This Easter, over two billion Christians around the world will celebrate "the Resurrection of Christ," and a large percentage of them will be Black. According to a 2007 Pew Report, 78% of Blacks in America identify as Protestant while a 2011 report by Pew notes that nearly 24% of Christians live in Sub-Saharan Africa. Christianity’s explosion across Africa led many to call for the Vatican to select a successor to Pope Benedict from the Continent with Ghanaian Cardinal Peter Turkson among the suggested shortlist. This said, many think of Christianity as "the White man's religion."

The Christian faith occupies a complicated, often racialized place in the history of Blacks all over the globe because of how it was abused by White colonists and slave traders to subjugate Blacks. “Christianity was a double-edged sword [for African-Americans],” says Dr.
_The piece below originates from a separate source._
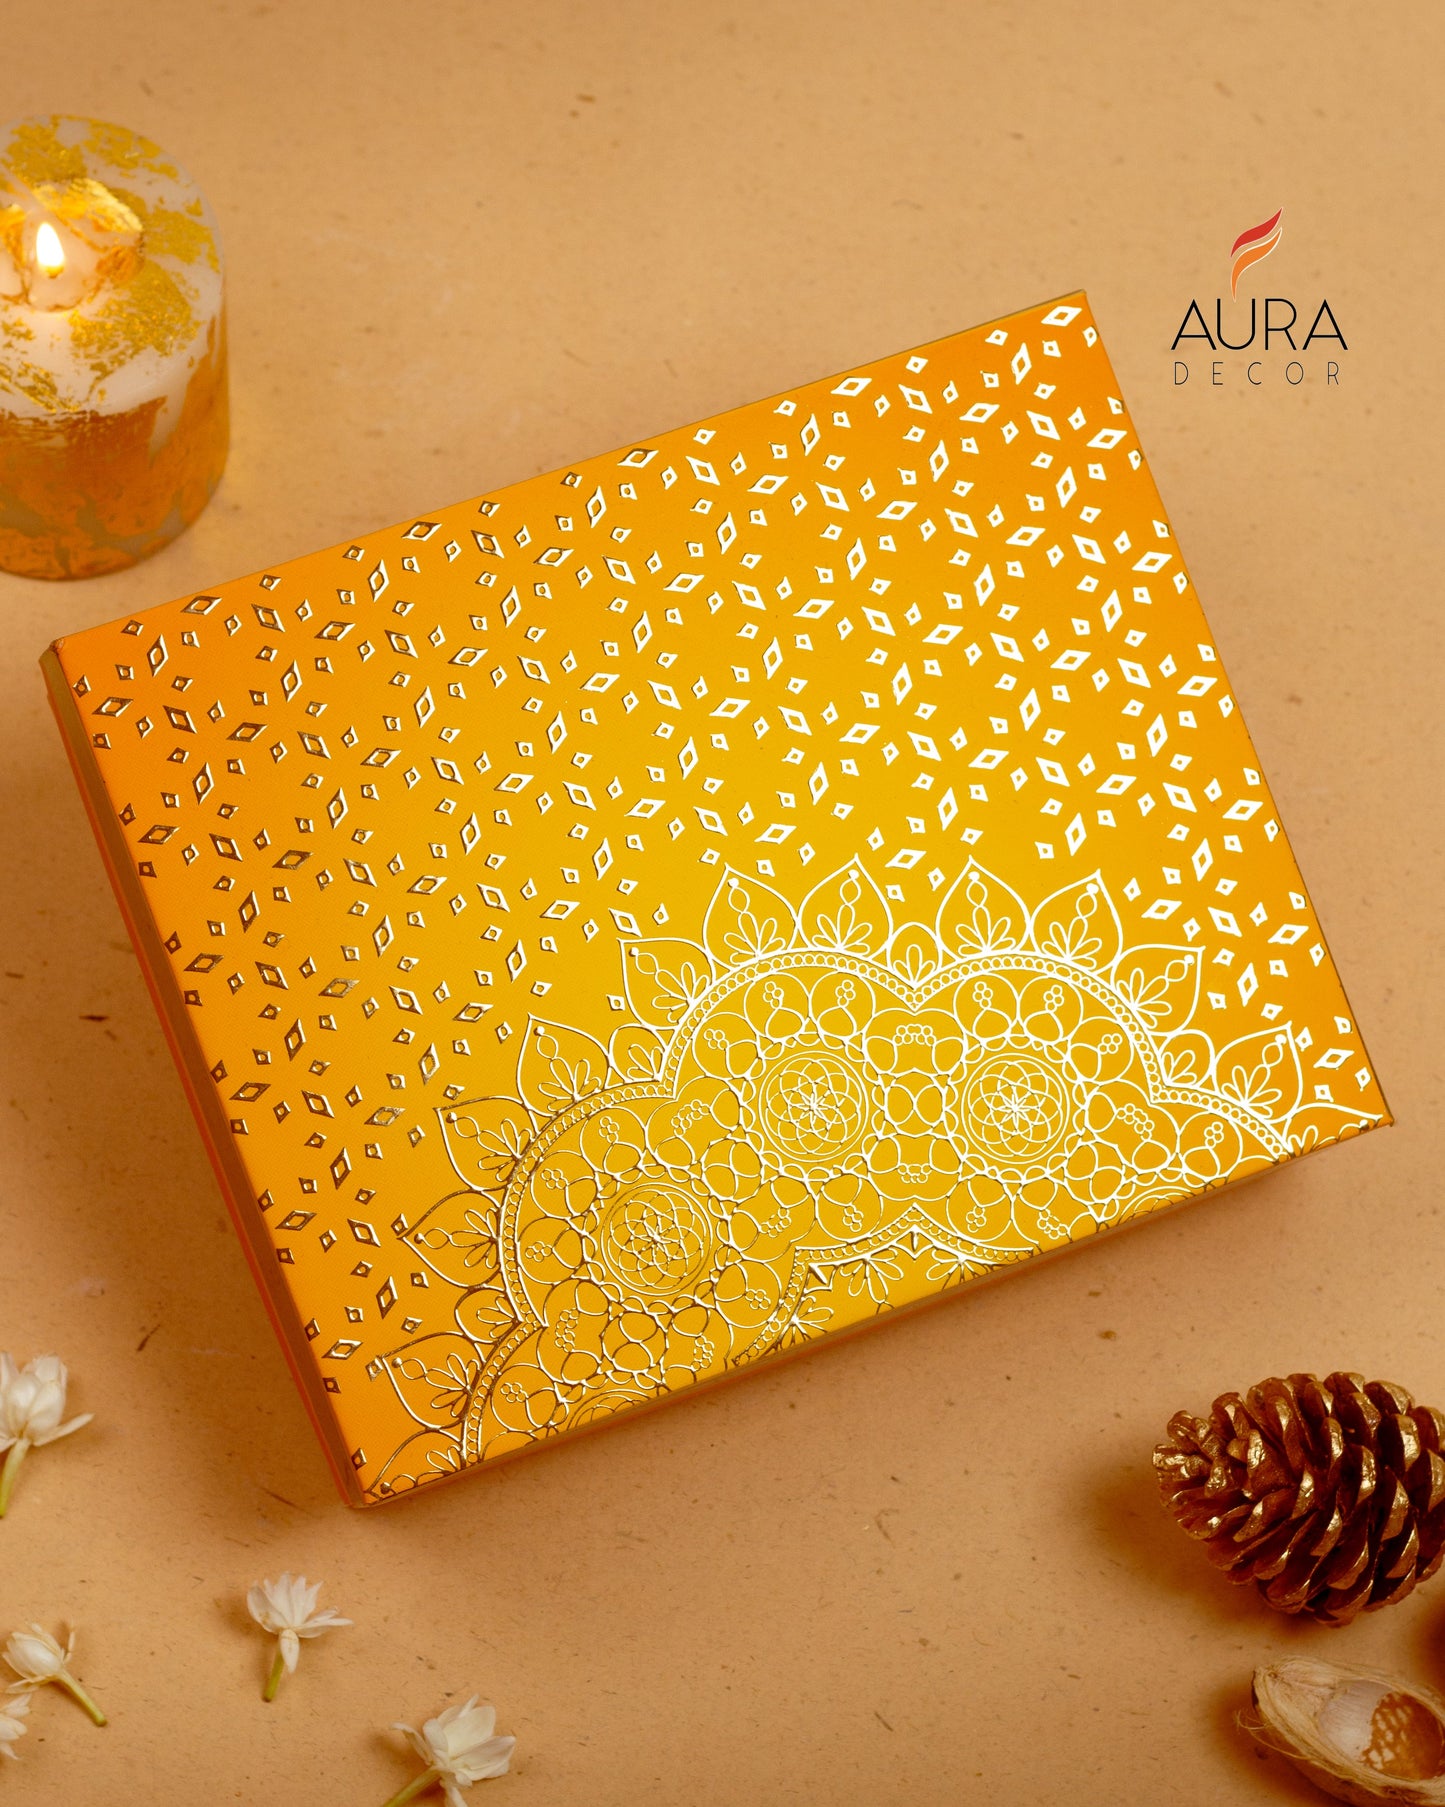 Bulk Buy AuraDecor Urli Gift Set with Floating Candles & Potpourri in a Gift Box ( MOQ 16 Pcs )

Lawrence H. Mamiya, Professor of Religion and Africana Studies at Vassar College and co-author of The Black Church in the African American Experience

“On the one hand, well, Whites wanted to use Christianity to make slaves docile and obedient.  [On the other hand,] the Africans adapted Christianity for their survival and liberation.”

But long before colonialism and slavery, Africans were practicing Christianity. “We know that Christianity has had a long history in Africa itself, pre-dating any kind of European influence,” Mamiya says.
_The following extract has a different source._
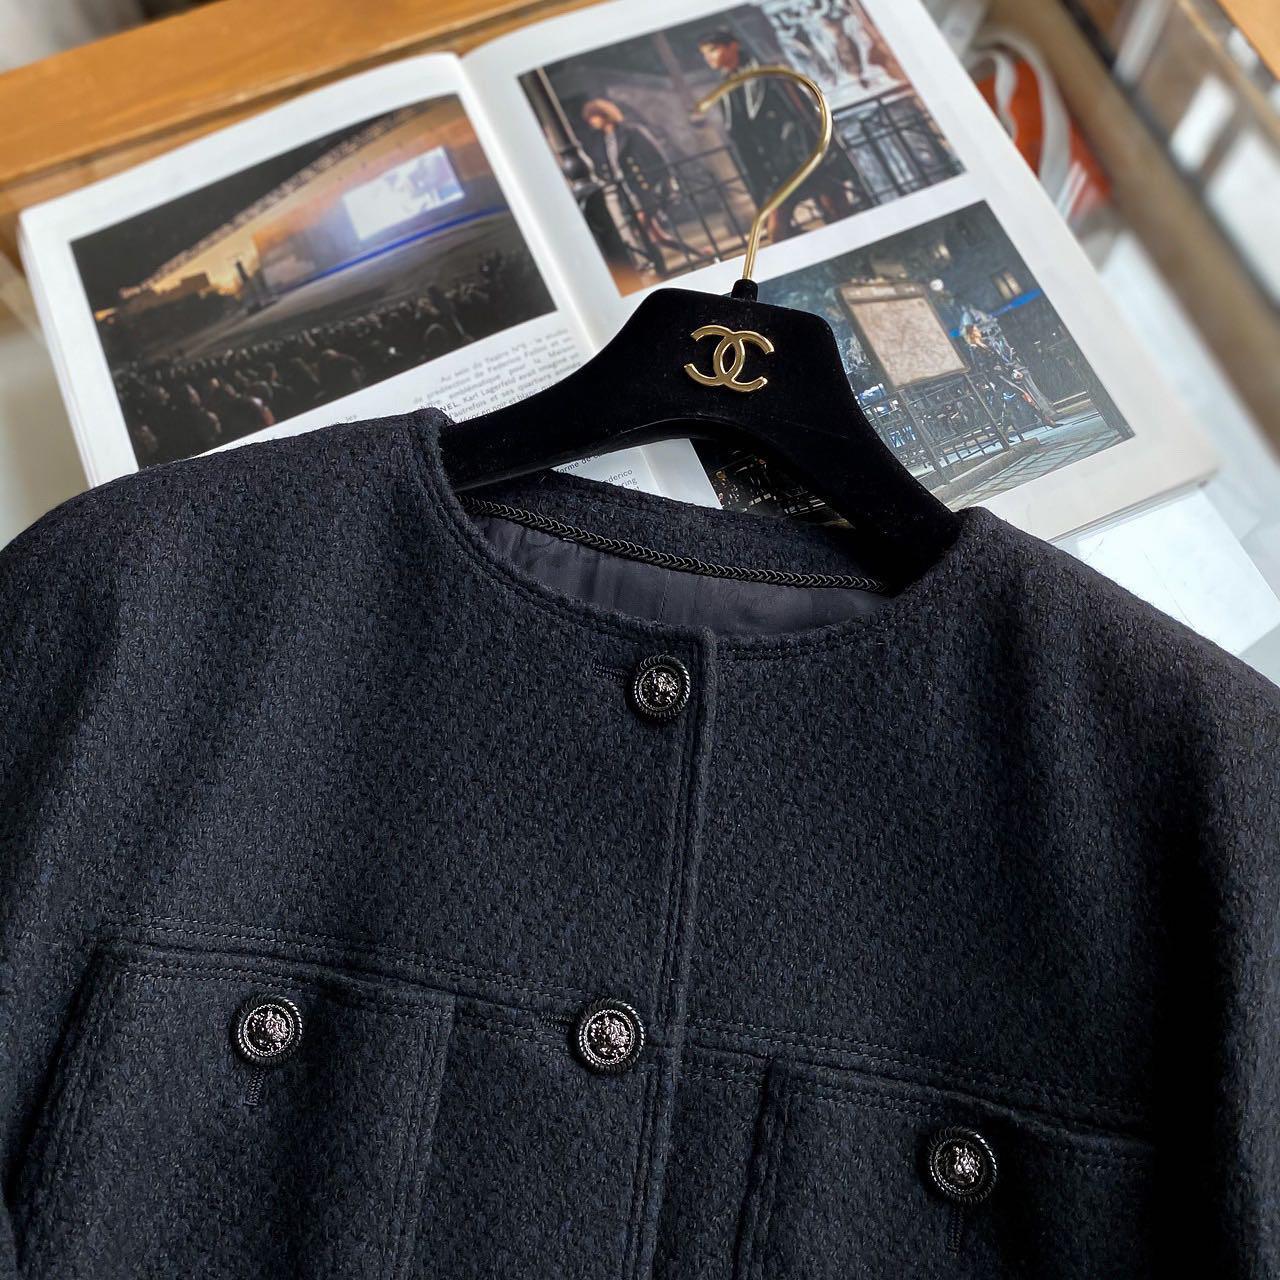 Chanel CC Buttons Paris / Edinburgh Tweed Coat In Excellent Condition For Sale In Dubai, AE

Christianity reportedly arrived in North Africa in the latter part of 1st century AD/early part of the 2nd, while “the adoption of Christianity in Ethiopia dates to the fourth-century,” according to findings by the Metropolitan Museum of Art. The Bible also documents the conversion of an Ethiopian eunuch as the early church was forming.  Likewise, Moroccan explorer Ibn Battuta mentions Christians in Nubia (an area that covers present-day northern Sudan and southern Egypt) in his 14th century travelogue. But when Europeans penetrated Sub-Saharan Africa in the 16th Century, ultimately mining the region for Africans to enslave, the historical narrative shifts which is perhaps why many associate the religion most with Europeans to this day.

Dr. Leslie King-Hammond, historian, artist, curator and Dean of the Maryland Institute College of Art, observes, “many of the Africans who came to the New World, probably had already had contact with Christianity from missionaries who were stationed on the Continent.” Once in America, many Africans faced a confusing range of options with respect to the religion. While some slaveholders encouraged conversion to Christianity, others did not.

Before 1667, baptism was a legal ticket to freedom. Later, Nat Turner led a bloody slave revolt while Denmark Vesey plotted one, both citing Christian visions as their motivation. Meanwhile, Christian abolitionists argued that slavery defied the teachings of the Bible.

With a new exhibit she has curated called “Ashe to Amen: African Americans and Biblical Imagery”, King-Hammond examines what Black people did with the religion once they were in America.

“They came into the Bible under very arduous conditions. They never had the kind of orientation or interpretation that came from White teachers and White preachers because they were so much involved with pursuing literacy as an act of resistance.” King-Hammond continues, “[The White slaveholders] didn’t want them to learn how to read… However, Africans did learn to read, and they did learn to write, and they did learn how to preach; and they created their own church.”

The Black church has historically doubled as a religious institution and harvest center for social and political activism. Mamiya points out, “Black churches helped to create the first Black banks, the first Black[-owned] life insurance company.”

Mamiya puts the connection the phenomenon of Black clergymen/politicians in historical context. “The leaders of black churches, the clergy, originally came from African priests, and so they were looked upon as leaders of the community.” He adds, “At least in the 19th century, they were the most educated of the community. And so they emerged as political leaders…after the Civil War.

“The first Black senator elected to Congress was the Reverend Hiram Revels of Mississippi, an AME clergyman. And you’ll see that tradition continue.” He cites Reverend Jesse Jackson, Sr. and Reverend Al Sharpton who both ran for President, Representative Adam Clayton Powell, Jr. who was pastor of the Abyssinian Baptist Church in Harlem, Pennsylvania politician Reverend Bill Gray, and former Congressman Reverend Floyd Flake, as examples.

King-Hammond has been working with theologians, scholars and artists for the last 10 years, researching how artists visualized faith then and now. “They were looking at the Bible and what the Bible meant within the context of the African-American experience,” she says. “What you see in ‘Ashe to Amen’ is a trail of visual artists of African descent who are in the intersection of their African world belief systems, which they brought with them, and the intersection of what happens when they connected with Christianity.”

She reflects, “It is a show that talks about the resiliency, the tenaciousness of people who have prevailed through centuries of time to still stand tall, and proud, and fearless.”

“Ashe to Amen” will be on display through May 26th at the Museum of Biblical Art in New York before traveling to the Reginald F. Lewis Museum in Baltimore and the Dixon Gallery and Gardens in Memphis, Tennessee.